Leslie Prentice

Personal information
- Full name: Leslie Roff Vincent Prentice
- Born: 30 November 1886 Fitzroy, Victoria, Australia
- Died: 13 August 1928 (aged 41) Harrold, Bedfordshire, England
- Batting: Right-handed
- Bowling: Right-arm slow
- Role: Bowler

Domestic team information
- 1920–1923: Middlesex
- 1920–1922: H. D. G. Leveson Gower's XI
- 1920: Gentlemen of the South
- FC debut: 13 May 1920 Middlesex v Oxford University
- Last FC: 16 May 1923 Middlesex v Oxford University

Career statistics
| Competition | First-class |
| Matches | 18 |
| Runs scored | 147 |
| Batting average | 6.39 |
| 100s/50s | 0/0 |
| Top score | 42* |
| Balls bowled | 1,674 |
| Wickets | 31 |
| Bowling average | 33.29 |
| 5 wickets in innings | 1 |
| 10 wickets in match | 0 |
| Best bowling | 6/95 |
| Catches/stumpings | 9/– |
- Source: CricketArchive, 31 December 2007

= Leslie Prentice =

Australian-born English cricketer

Leslie Roff Vincent Prentice (30 November 1886 – 13 August 1928) was an Australian-born English cricketer. A right-handed batsman and right-arm slow bowler, he had a brief first-class cricket career for Middlesex in the early 1920s.

==Biography==
Prentice was born in Fitzroy, a suburb of Melbourne, Victoria, on 30 November 1886. He played twice for the Federated Malay States against the Straits Settlements in 1913 and 1914. He made his first-class debut in May 1920 when he played for Middlesex against Oxford University. In his second first-class match, a County Championship match against Warwickshire at Lord's, he took 6/95 in the second innings, his only five-wicket haul in first-class cricket.

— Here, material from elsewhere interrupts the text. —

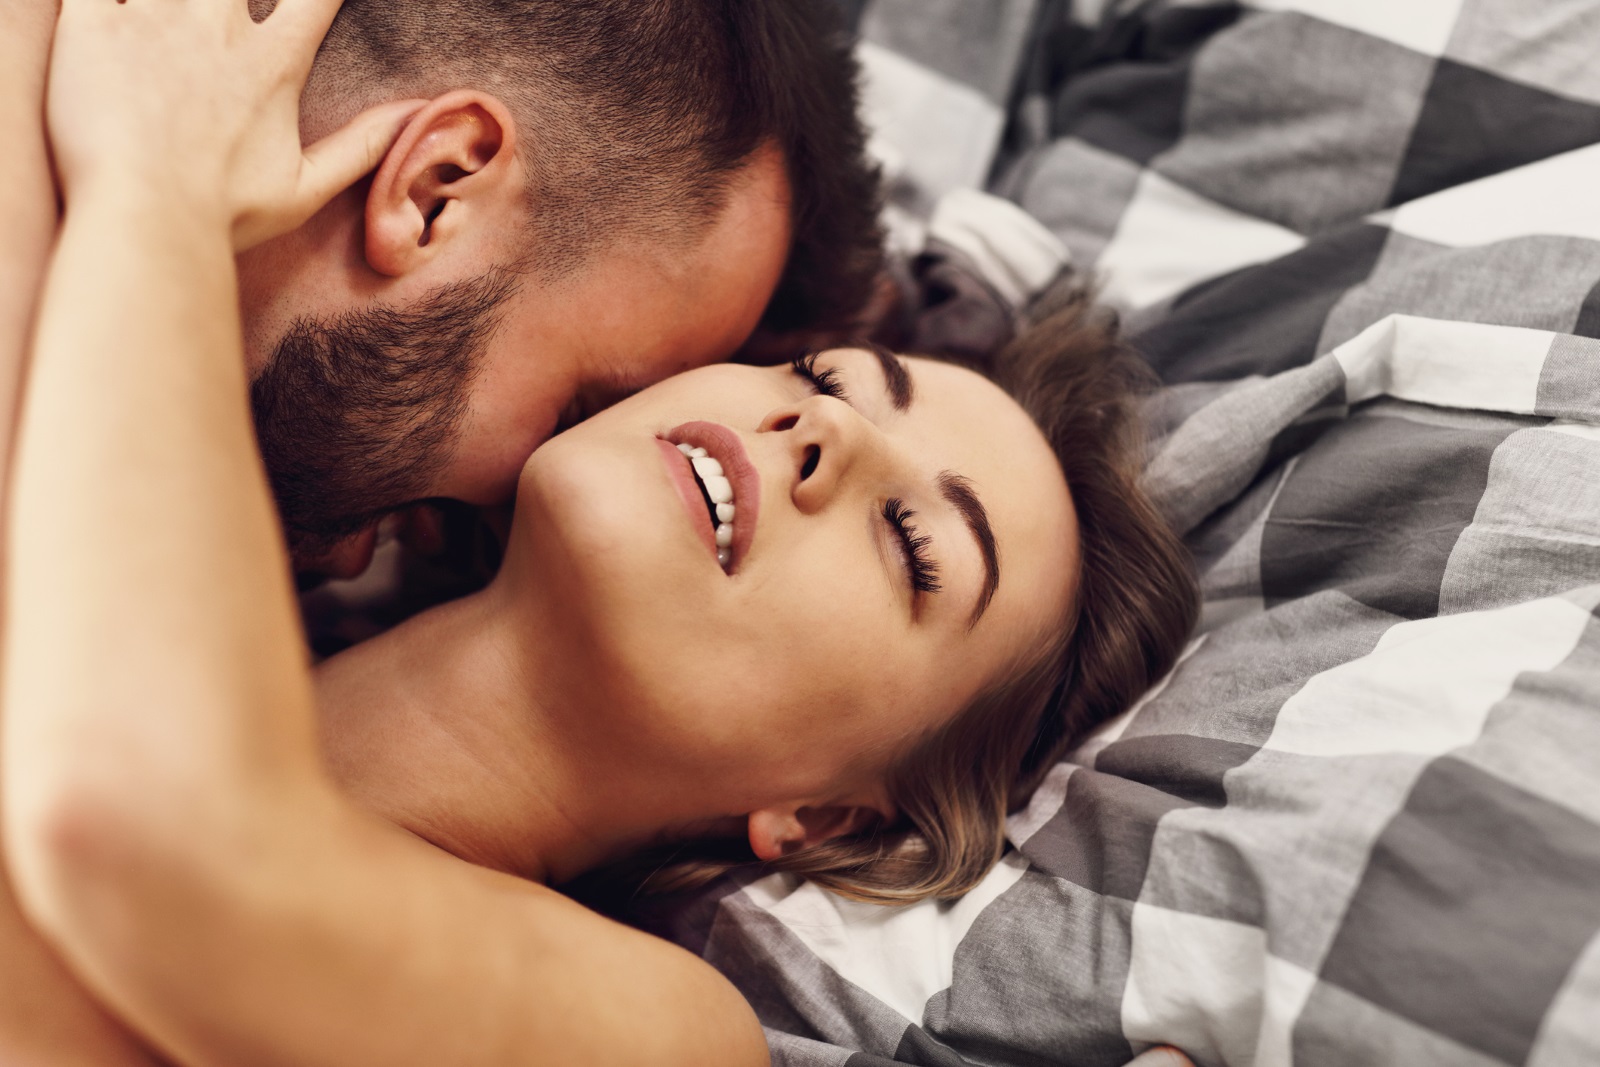 <p>В дамския списък на първо място очаквано фигурира любовната игра, посочена от 92 процента от участничките в допитването. Размяната ласки преди същинския полов акт подкрепят 68 процента от мъжете. Съдейки по общите резултати, водещата сексуална фантазия за 2020 г. за представителите и на двата пола е телефонният секс (80 процента).</p>

Prentice played three further County Championship matches for Middlesex in the 1920 season before playing two matches for H. D. G. Leveson Gower's XI against Oxford University and Cambridge University. He then played for the Gentlemen of the South against the Players of the South in July. During the 1921 season, he played six times for Middlesex before another two matches for H. D. G. Leveson Gower's XI against the two university teams.

Prentice did not play for Middlesex in the 1922 season, playing just once for H. D. G. Leveson Gower's XI against Oxford University. He played his final first-class match in the 1923 season when he played for Middlesex against Oxford University. He died on 13 August 1928 in Harrold, Bedfordshire, at the age of 41.